“No sirvo para esto”, pensé
mientras leía los textos de los participantes. Todos eran tan poéticos, tan
pasionales; y yo no tenía nada para contar. Algunos hablaban de las olas, otro
de la playa, aquel de las gaviotas o elogiaban la inmensidad del mar.
Ninguno
tenía errores de ortografía, sabían usar las comas y los puntos. Todos tenían un blog lleno de textos excelentes. Y
yo estaba sentado frente a una netbook del estado que estaba sobre la máquina
de coser de mi abuela (yo la llamaba escritorio) sin saber que escribir.
Encima
todos eran españoles, profesores de literatura o bibliotecarios. El hijo de un
tambero argentino no tenía oportunidad frente a esos rivales.
Jamás fui
al mar, no sé qué se siente ver su inmensidad, ni se cuál es el costo de
alquilar una sombrilla en Barcelona.
Miré
por la ventana, y a través de la vieja tela mosquitera vi que era otro de esos
días nublados y húmedos en los que a uno le dan ganas de pegarse un tiro. Pensé
en que haría el resto del día y me di cuenta de que lo único que deseaba era
que llegara la noche para recostarme en la cama y escuchar la radio.
Me di
por vencido, salí del sitio web en el que estaba, apagué la netbook y miré la hora
en mi viejo celular.
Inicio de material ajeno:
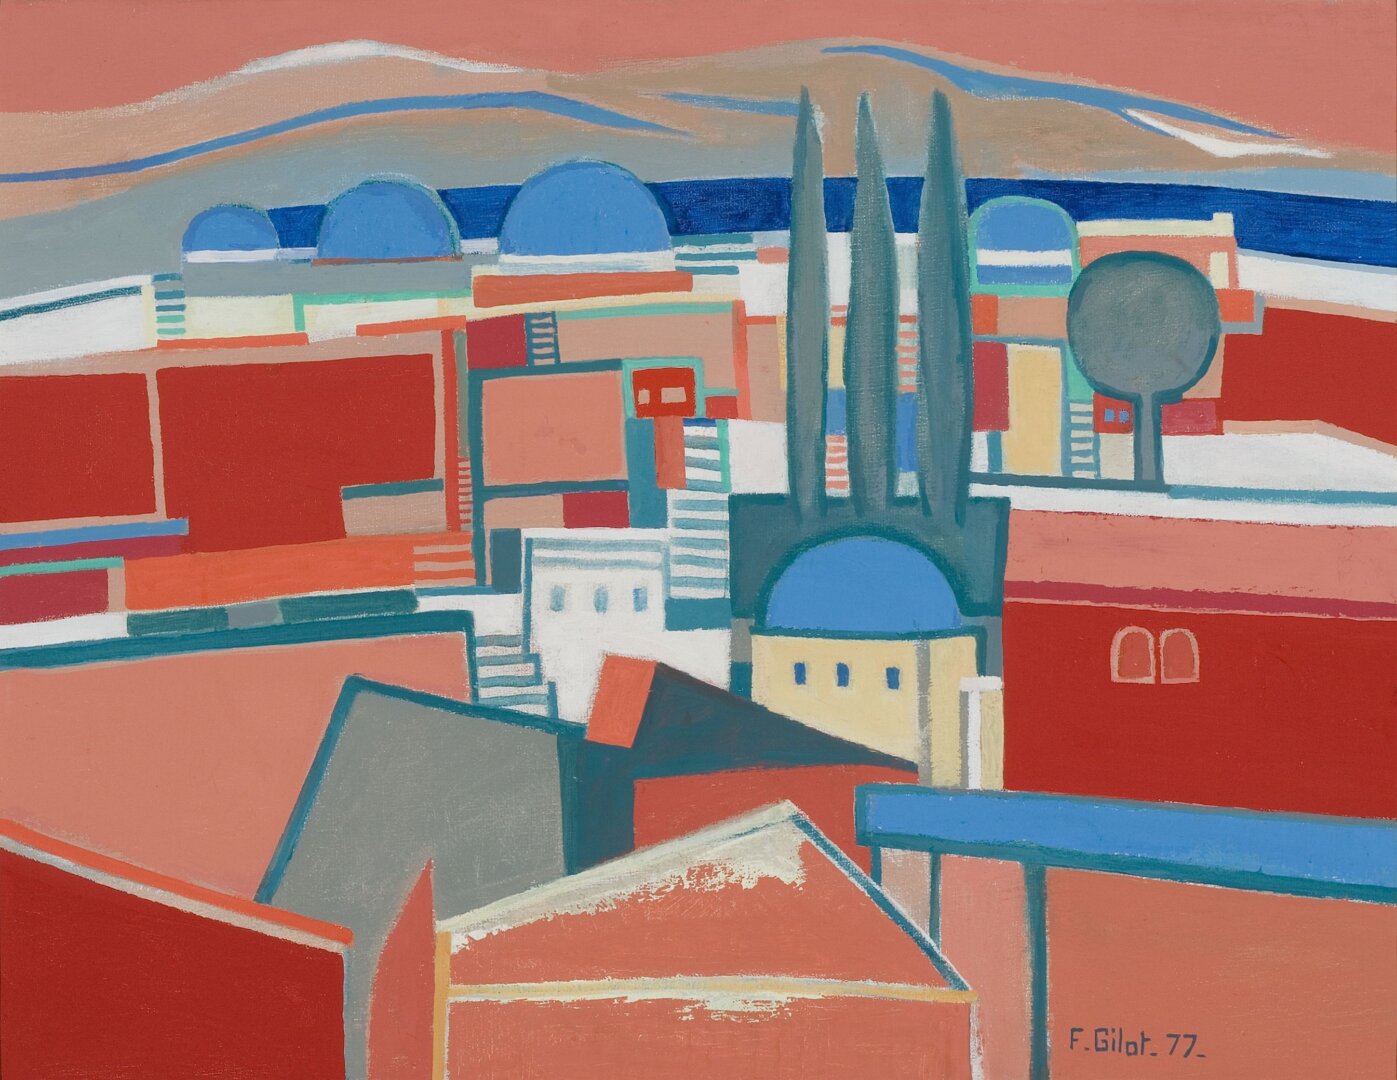 Françoise Gilot: Keleti város I.- II., 1977, olaj, vászon, 50x66 cm, Várfok Galéria

Eran las doce y cincuenta, me apuré para ir al baño y
cepillarme los dientes. Luego me puse la campera que usamos de uniforme los
alumnos del último año de mi escuela, me dirigí a la puerta que da a la calle,
salude a mi hermana mayor y le dije que cerrara la puerta con llave, ella me mandó a la mierda. Y una
vez más volvió a mi mente esa idea que mi padre me repetía todos los días y que
terminé por creer. Recordé que soy un inútil de mierda.